Why Daniel Defoe Writes from the Margins: Dissent, Experience, and the Making of Moll Flanders
- Mahitosh Mandal

- 11 hours ago
- 4 min read
To understand Moll Flanders, it is not enough to look only at its plot or its protagonist. We must also ask a more fundamental question: who was Daniel Defoe, and what prompted him to write about criminals, outsiders, and the marginal sections of society?
One of the most significant facts about Defoe’s position as an individual in late seventeenth- and early eighteenth-century England is that he was born into a minority religious group—the Presbyterian Dissenters. These were Protestant Nonconformists who did not belong to the Church of England, the dominant religious institution of the time. As a result, they were subjected to various forms of marginalization and exclusion.
Defoe’s life was shaped by this experience of dissent. He was not allowed to study at institutions like Oxford or Cambridge, since admission required adherence to the Church of England. Instead, he was educated in a dissenting academy. From an early stage, therefore, Defoe inhabited a position outside the dominant structures of power, both religious and institutional.

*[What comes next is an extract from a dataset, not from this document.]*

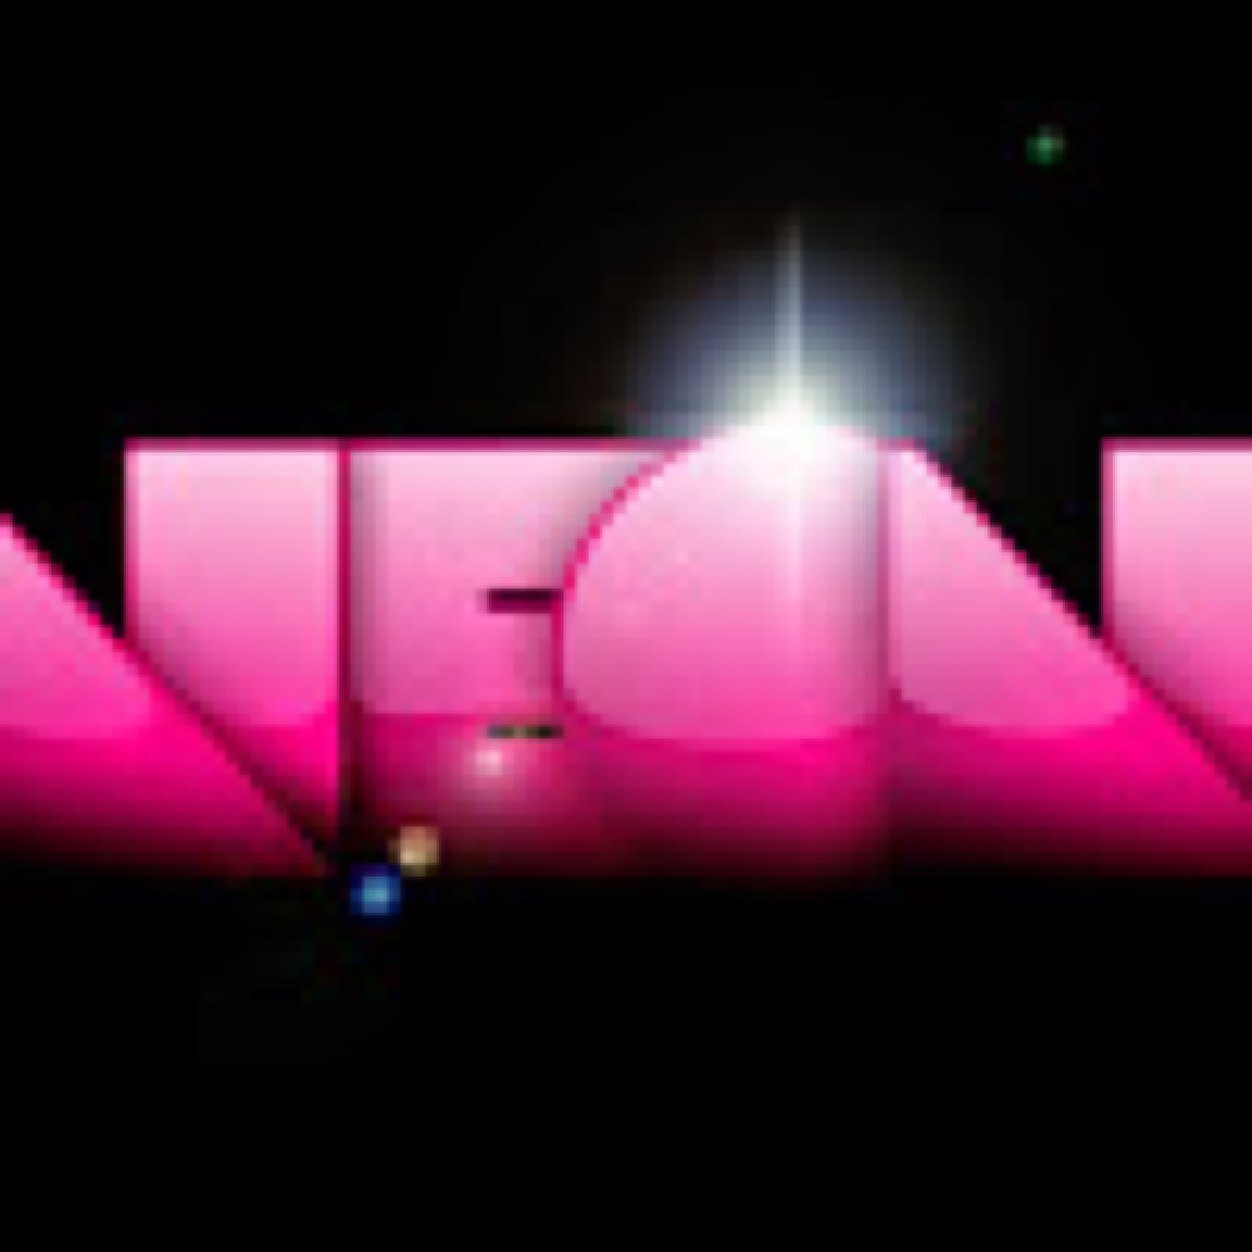 Neon, But feel free to call me, Colton 15, Trickshoter/Sniper. http://t.co/UrahlBBzeV. The GFX On my twitter/youtube are designed by @ZenLoadzy or Crunk Loadzy.

This marginal position was not merely social; it was also political. Defoe participated in the Monmouth Rebellion of 1685 against James II, a Catholic monarch, and later faced severe consequences for his writings. In 1703, after publishing a satirical pamphlet critical of the Church and the monarchy, he was arrested on charges of sedition, imprisoned, and subjected to the pillory. These experiences of punishment, humiliation, and confinement were not abstract ideas for Defoe—they were lived realities.
At the same time, Defoe’s life was marked by economic instability. Born to a tradesman, he did not possess aristocratic lineage or inherited wealth. He engaged in various mercantile ventures—trading in wine and other goods—but frequently faced financial failure and bankruptcy. Writing, for Defoe, was not initially a purely literary pursuit; it was also a means of survival.

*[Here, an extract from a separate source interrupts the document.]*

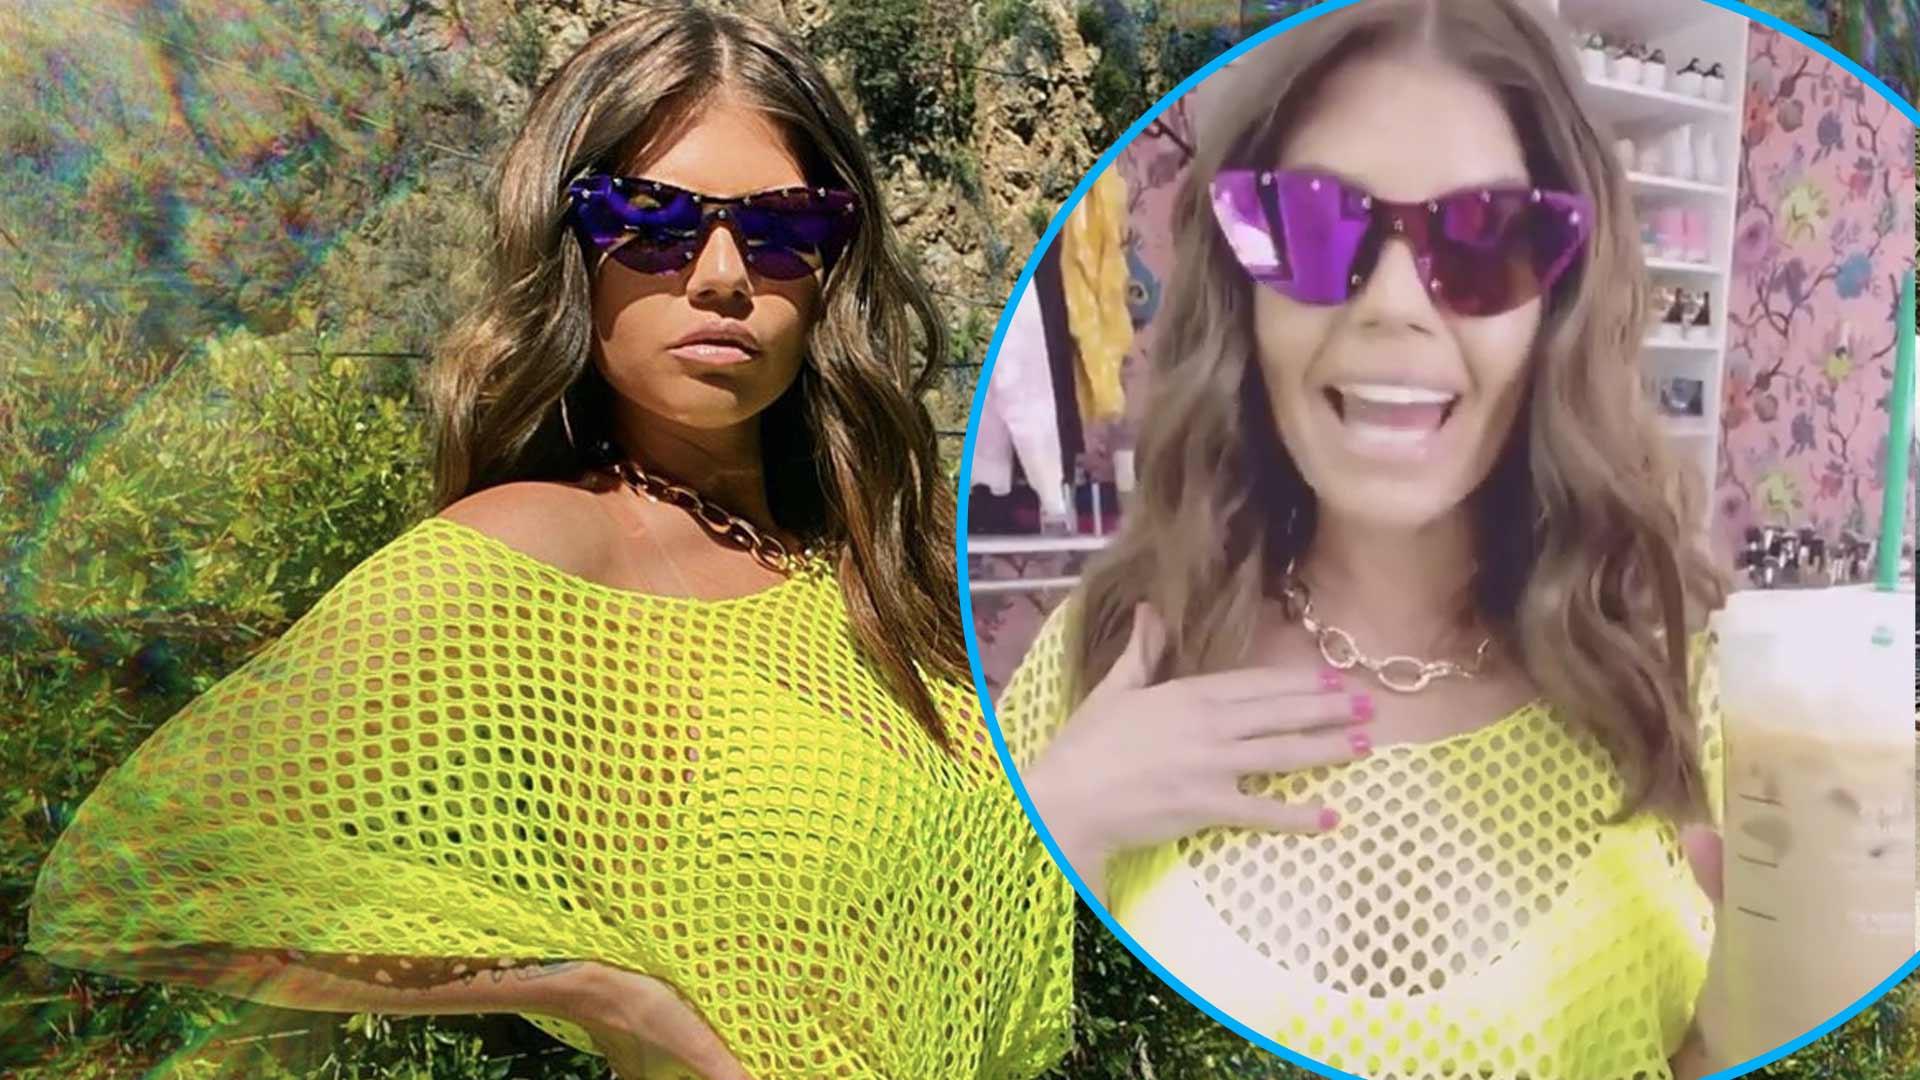 Chanel West Coast Uses The K-Word For Viral TikTok Video: 'Call Me Karen!'  - The Blast

The early eighteenth century witnessed the rise of the professional author, particularly after the Copyright Act of 1710. Literary production began to shift from courtly patronage to the marketplace. Authors increasingly wrote for a broader reading public and earned their livelihood through print. Defoe was one of the earliest figures to recognise and adapt to this changing literary economy.
However, it would be a mistake to assume that Defoe wrote merely for financial gain. His position as a dissenter, combined with his experiences of exclusion and punishment, shaped his intellectual outlook. He remained consistently critical of the injustices of English society—its religious intolerance, its class hierarchies, and its economic inequalities.
This background is crucial for understanding Moll Flanders. Defoe’s interest in the “other” history of London—the history of criminals, prisoners, and marginalised individuals—emerges directly from his own position as an outsider. He writes not from the centre of power, but from its margins.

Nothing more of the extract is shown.